Nowadays, people rely on big data applications to embrace different kinds of services. Take the famous delivery robot Amazon Scout for example. We can now receive packages without human involvement.
It’s not difficult to imagine that more unprocessed data will be generated by the increasing demand for various services in our daily lives. International Data Corporation (IDC) predicts that worldwide data will grow tremendously to 175 ZB by 2025. The ever-growing volumes of data thus become a factor that drives the development of Computational Storage. This is a state-of-art storage system that can speed up data processing, make real-time analytics more efficient and shorten the time we wait for our package and data.
The distinction between conventional and Computational Storage models
In traditional computing architecture, data frequently moves between storage systems and memory units of the application servers. The CPU first requests the data from the storage system before the data is transferred to the CPU to do the computing. After the CPU finishes processing, the results are sent back to the storage system to be saved. This process can be repeated thousands of times. The high cost of moving data during these repetitive steps can result in extra energy consumption and degrade the performance of big data applications.
Unlike the Conventional Storage model, the Computational Storage model moves the processing to the data system, and no data is sent to the CPU. It means that data workloads are processed directly on the storage controller. It seeks to analyze and process the data where it resides.
This is how it works. The CPU sends a request to the storage subsystem, but the data doesn’t need to leave the storage system. Instead, the operation is carried out by the drive itself. Computational Storage dramatically saves time and energy by eliminating the complex and repetitive steps that require large volumes of data to be sent back and forth across a network.
The components of Computational Storage
-
-
- Computational Storage Drives (CSD): A CSD is a Computational Storage device that represents either an ASIC or a microprocessor embedded in a storage device. It can perform computation in the storage system and supports persistent data storage.
-
-
-
- Computational Storage Processors (CSP): A CSP is a processor positioned as the controller of an array of SSDs. It’s a component that provides computational services and functions to an associated storage system, but it doesn’t offer persistent data storage
-
-
-
- Computational Storage Arrays (CSA): A CSA is a collection of CSD and CSP that contains both compute and storage with optional storage devices and the control software.
-
In a nutshell, Computational Storage is a storage subsystem that combines several CPUs located on the storage media, Computational Storage arrays or their controllers.
Three key benefits of Computational Storage
1. Minimum bandwidth and power: By using Computational Storage, data is not moved as frequently across the interface, allowing the user to allocate more data on the drive. By reducing data movement between storage and the main CPU, only the end result has to be delivered to the host. Computational Storage offers significant power savings and additional I/O bandwidth.

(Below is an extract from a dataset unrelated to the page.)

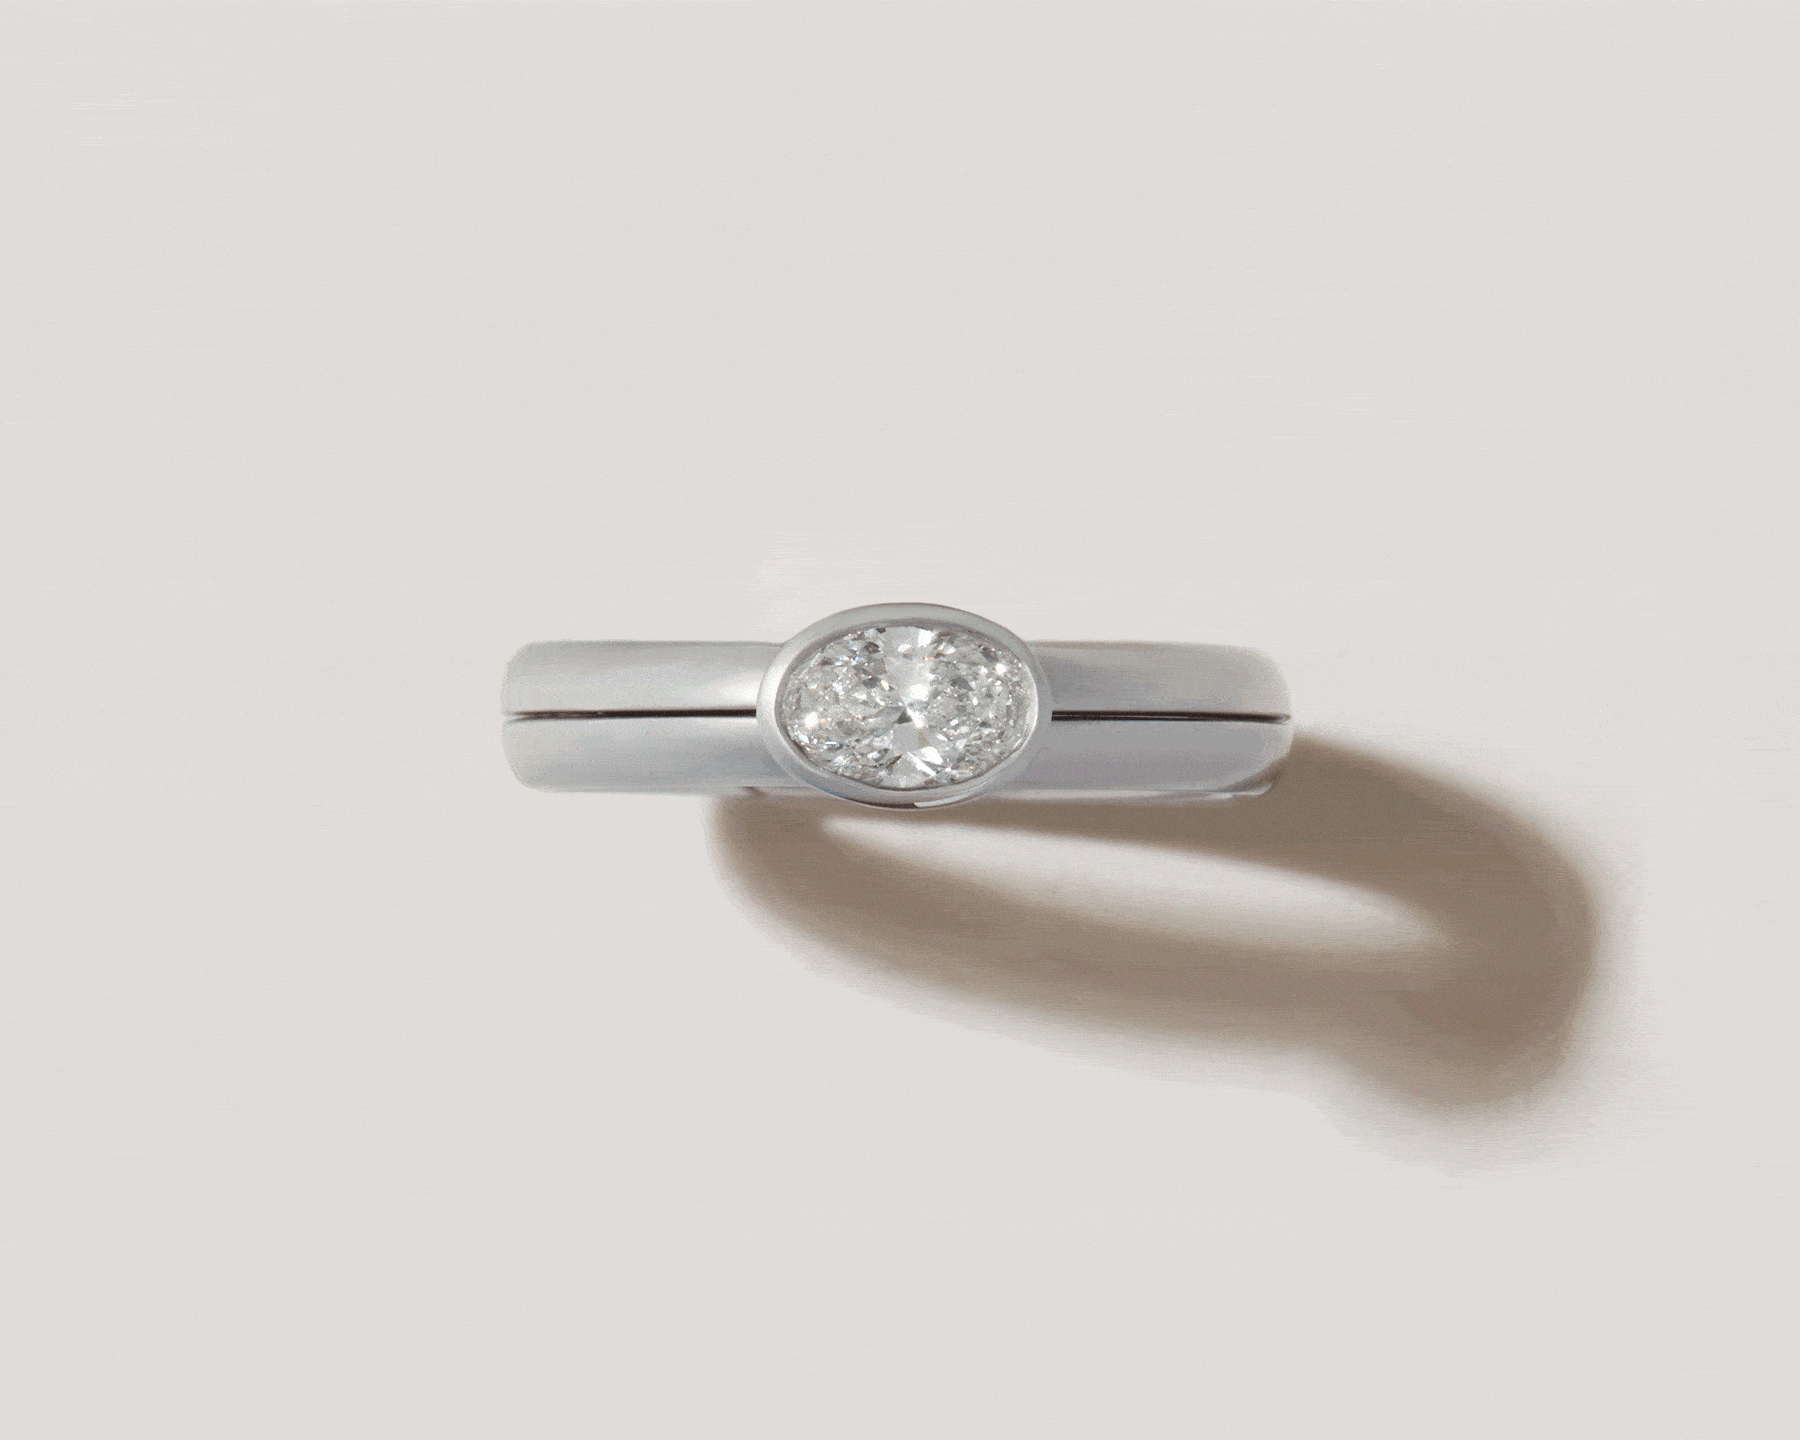 Marla Aaron’s ‘DiMe Siempre’ ring with its ingenious bezel-set diamond doubling as the clasp.

2. Strip out latency: As storage sizes usually vastly exceed memory, the data must be read in chunks. This slows down real-time data analytics and affects the efficiency of high-performance computing. However, Computational Storage can break these bottlenecks. By putting processing onto the storage subsystem itself, massive amounts of data can be processed where the data originates. It shortens the time taken to move, analyze and process the data, which significantly improves latency and network bandwidth utilization.
3. Data-Centric Computing: Unlike computer-centric architecture, data-centric architectures are designed to analyze massive data volumes, emphasizing the first data concept. By installing processing capabilities directly in the storage application, Computational Storage can free up CPU cycles for the high-level functions and tasks and enable parallelism for specific workloads that improve throughput and performance.
The Phison approach
Speaking of all these benefits above, Phison, as one of the leading companies in the computing industry, will soon launch an all-in-one solution for Computational Storage. Phison has accomplished this to allow for broad and immediate deployment of this new and innovative technology. We are partnering with many current server manufacturers to provide customers with turnkey solutions. The new technology not only can reduce network traffic, parallel computing but also ease other constraints on computing, I/O, memory and storage. Phison will offer the best platform and the widest range of solutions for all the data centers and cloud service providers to make the best use of more extensive data applications.